Proof. To prove part (a) we have to check conditions (1), (2), (3) of Categories, Definition 4.20.1. Condition (1) holds exactly because we assumed that $X$ is compactifyable. Let $j_ i : X \to \overline{X}_ i$, $i = 1, 2$ be two compactifications. Then we can consider the scheme theoretic image $\overline{X}$ of $(j_1, j_2) : X \to \overline{X}_1 \times _ S \overline{X}_2$. This determines a third compactification $j : X \to \overline{X}$ which dominates both $j_ i$:

\[ \xymatrix{ (X, \overline{X}_1) & (X, \overline{X}) \ar[l] \ar[r] & (X, \overline{X}_2) } \]

Thus (2) holds. Let $f_1, f_2 : \overline{X}_1 \to \overline{X}_2$ be two morphisms between compactifications $j_ i : X \to \overline{X}_ i$, $i = 1, 2$. Let $\overline{X} \subset \overline{X}_1$ be the equalizer of $f_1$ and $f_2$. As $\overline{X}_2 \to S$ is separated, we see that $\overline{X}$ is a closed subscheme of $\overline{X}_1$ and hence proper over $S$. Moreover, we obtain an open immersion $X \to \overline{X}$ because $f_1|_ X = f_2|_ X = \text{id}_ X$. The morphism $(X \to \overline{X}) \to (j_1 : X \to \overline{X}_1)$ given by the closed immersion $\overline{X} \to \overline{X}_1$ equalizes $f_1$ and $f_2$ which proves condition (3).

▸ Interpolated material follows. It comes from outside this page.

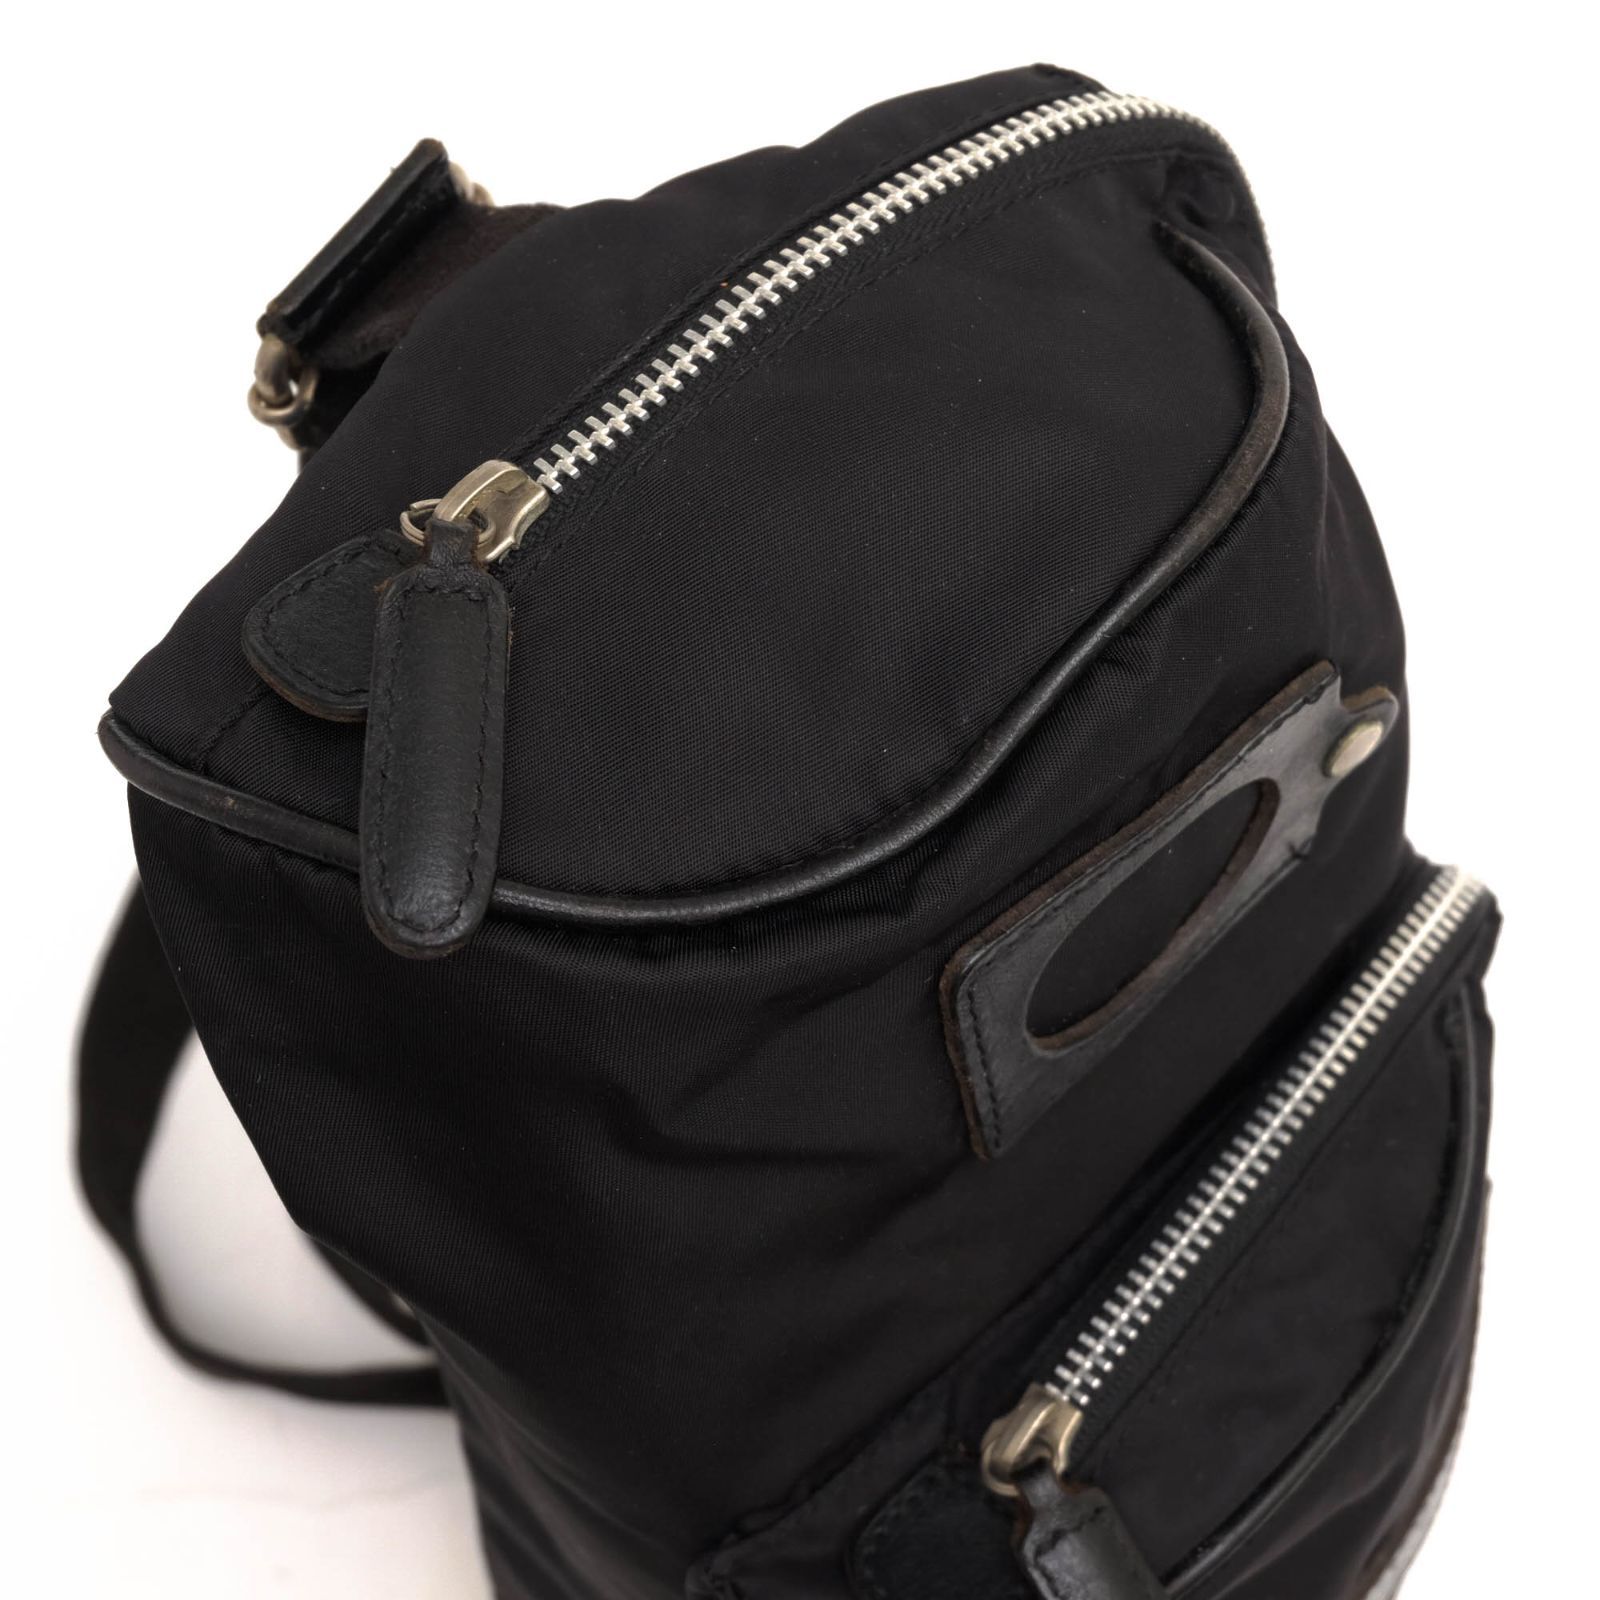 フェリージ／Felisi バッグ ショルダーバッグ 鞄 メンズ 男性 男性用ナイロン レザー 革 本革 ブラック 黒 F99114 ボディバッグ 定番

Proof of (b). Let $j : X \to \overline{X}$ be a compactification. If $\overline{X}'$ denotes the scheme theoretic closure of $X$ in $\overline{X}$, then $X$ is dense and scheme theoretically dense in $\overline{X}'$ by Morphisms, Lemma 29.7.7. This proves the first condition of Categories, Definition 4.17.3. Since we have already shown the category of compactifications of $X$ is cofiltered, the second condition of Categories, Definition 4.17.3 follows from the first (we omit the solution to this categorical exercise).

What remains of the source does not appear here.